– Верно, – твердо отозвался он. – Ты уже разозлила меня.
– А убей меня, а? – сказала я ему в лицо, и карие глаза расширились. – Как Диму. Ты же это умеешь, да?
– Твой муж виноват сам, – ответил он без тени смущения.
– Значит, это ты, – закусила губу, чтобы не разрыдаться.
– Я не говорил такого.
– Да я не верю тебе, Реутов. Ну так убей. Хватит мучить. Достаточно уже. Только об одном тебя прошу, умоляю – не бросай сына. Его мать погибнет из-за тебя, должна же быть у тебя хоть какая-то совесть…
– Прекрати нести чушь! – снова он тряхнул меня, заставляя замолчать. – Смерти захотелось? Заработаешь – будет тебе и смерть. А пока ты не выполнила свою часть договора. Ты родишь мне, Лена. Тогда и посмотрим, как с тобой быть. Лучшее наказание для тебя при таком раскладе – беременность. Начнем.
Я думала, что больнее он уже не сможет сделать. Я ошиблась. Смерть сейчас была бы избавлением, только за Демида душа болела. Но я уже просто не могу. Не могу, и всё.
– Ненавижу тебя, – сказала негромко, но четко, глядя в бездонные, темные от гнева глаза.
– Мне плевать, – ответил он, отпустил волосы и, взяв меня за талию, стал толкать к столу, пока я не уперлась ягодицами в столешницу.
Я забыла об осторожности, эмоции настолько взяли верх, что я не могла ни о чем думать, кроме того, что я не хочу быть с ним. Боролась, не давала прикоснуться к себе, пока его губы искали меня и жадно впивались туда, куда доставали. Он легко справлялся с моим сопротивлением, ему достаточно было просто моего тела, больше ничего Реутова не волновало сейчас.
– Убери руки, или я тебе снова сделаю больно, – прорычал он мне в лицо.
Мне пришлось подчиниться, боли я очень боюсь. Мне всё равно не избежать этого. Понимала мозгами, но тело противилось, и мне стоило нереальных усилий перестать его толкать. Ослабила руки и дала ему целовать себя. Опять этот запах – как же я его не выношу, щетина, которая больно царапает кожу шеи и пропитанные слезами губы.
Молния на платье расстегнулась, и плечи оголились. Этот сарафан ношу без бюстгальтера, и потому, стоило Владиславу снять лиф, как тут же перед ним появилась моя обнаженная грудь, покрытая мурашками. Только одно то, что он смотрит темными глазами на нее, заставляло соски затвердеть. Реутов наклонил голову и прижался к груди губами, скользя по ней так, будто сейчас сожрет меня и даже косточек не оставит. Вздрогнула, когда губы коснулись соска и втянули его в себя. Горячие пальцы сжимали меня, влажные губы и язык совсем не нежно ласкали грудь, и я пыталась в этом всем раствориться. Если я не буду делать так, как он хочет, то это всё равно произойдет, только куда более болезненно. Он отпускал один сосок и переходил к другому, и эта прохлада, оставленная его губами, вызывала еще больше мурашек.

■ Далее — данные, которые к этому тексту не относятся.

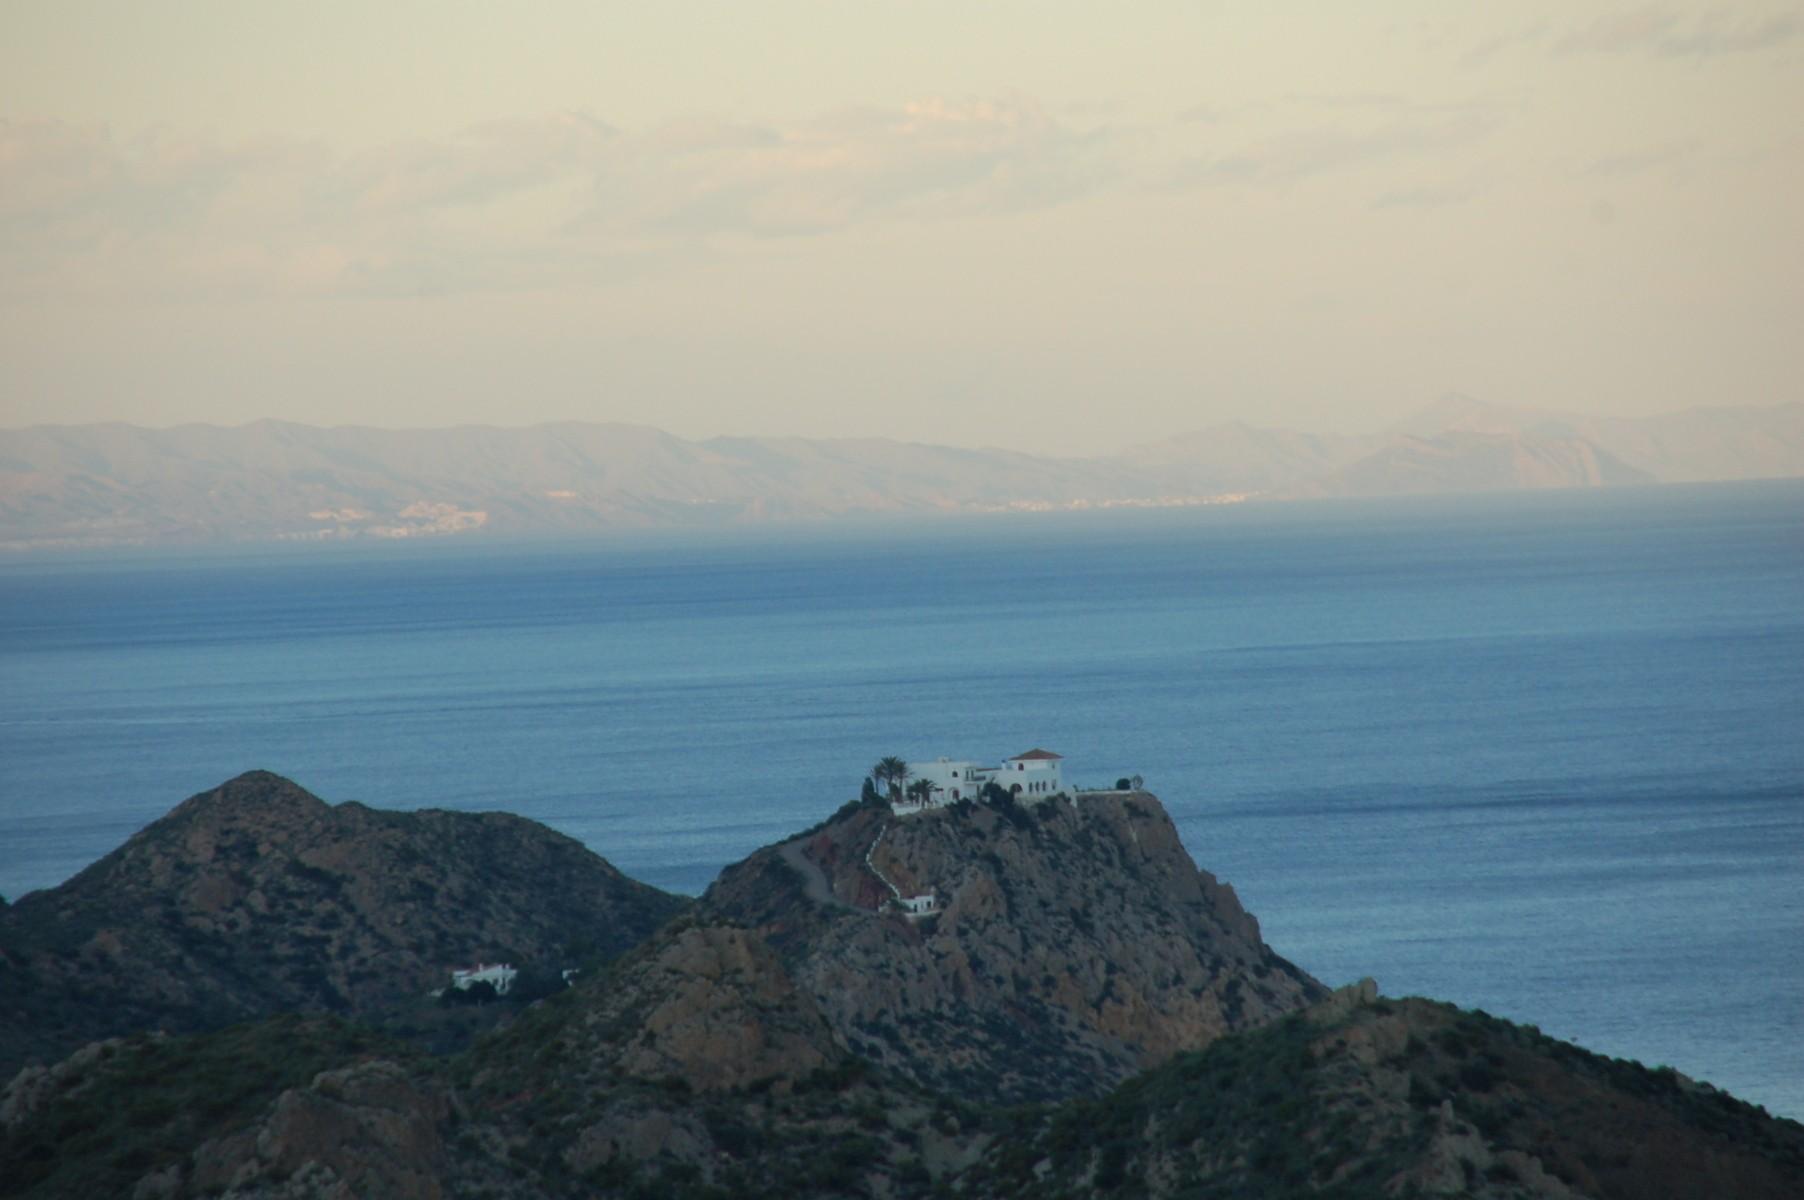 Man sieht im Abendhimmel ein einsames typisch für Andalusien weiß getünchtes Haus in einer schroffen felsigen Umgebung, im Hintergrund das Mittelmeer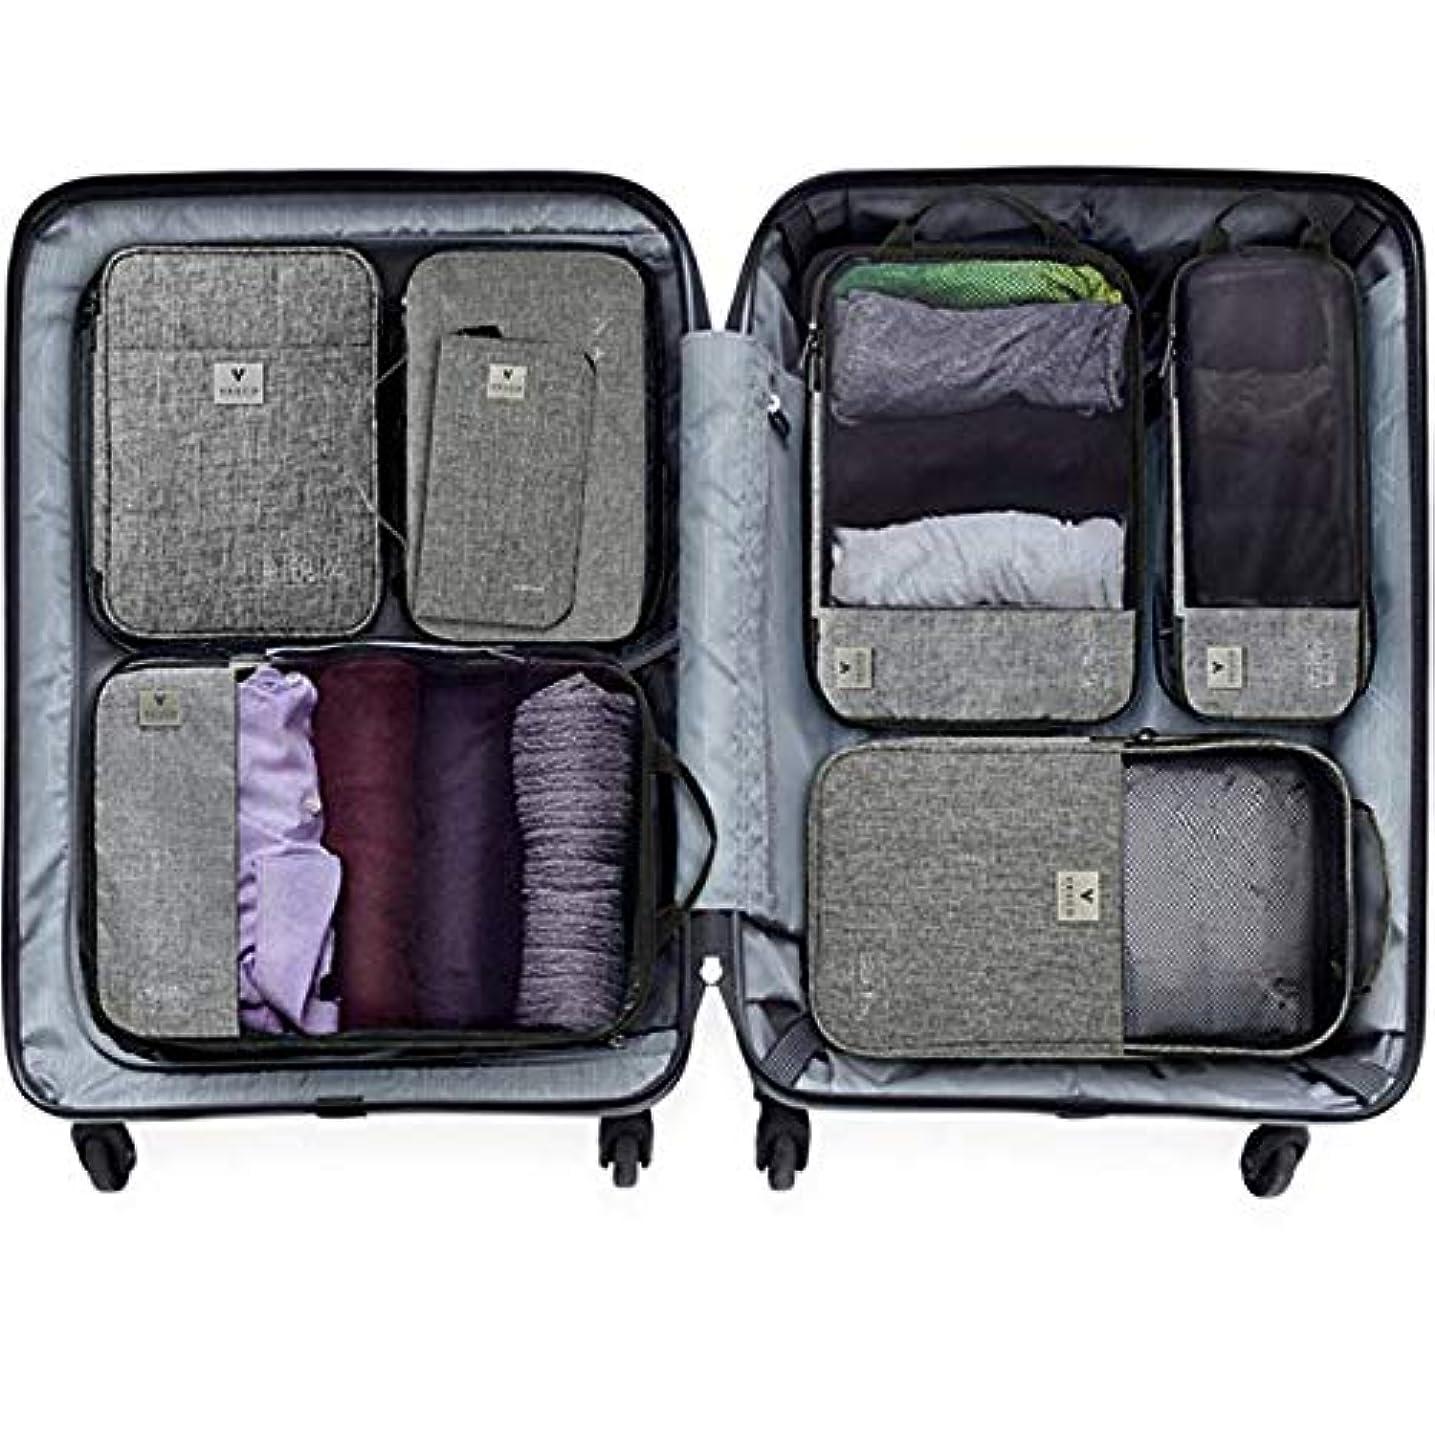 シロクマ溶接迷信スーツケースのスペースを60% 節約! 探す時間も削減!スマートパッキングキューブバッグ「VASCO」ヴァスコ

Сарафан соскользнул вниз под его руками, и он отшвырнул его куда-то в сторону. На время оставил меня возле стола и стал стаскивать с себя одежду. Дорогой пиджак и галстук тоже остались небрежно валяться на ковре, а Реутов вернулся ко мне. Руки легли на талию и стали спускаться вниз, до резинки трусиков. Я не стала ему мешать и позволила снять с себя последний элемент одежды. Осталась перед ним полностью нагая. Влад гладил мое тело, целовал его, дыхание стало прерываться от желания, что бушевало в нем так, что я ощущала его будто физически.
Подхватил меня и усадил на стол. Снова вернулся к губам, а его рука заставила меня развести ноги, и пальцы коснулись клитора. Я была уверена, что ничего не смогу испытать. Только отвращение. Но каждое его новое движение по чувствительной коже всё больше простреливало меня, вынуждая ощущать далеко не отвращение… Я тоже начала тяжело дышать, стараясь не переходить на стоны, которые он вызывал своими руками. Мне не было противно, и более того, тело горело от его касаний и поцелуев и начало просыпаться, отзываться. Он ввел в меня палец и тоже понял, что я вовсе не испытываю омерзения, там всё стало мокрым.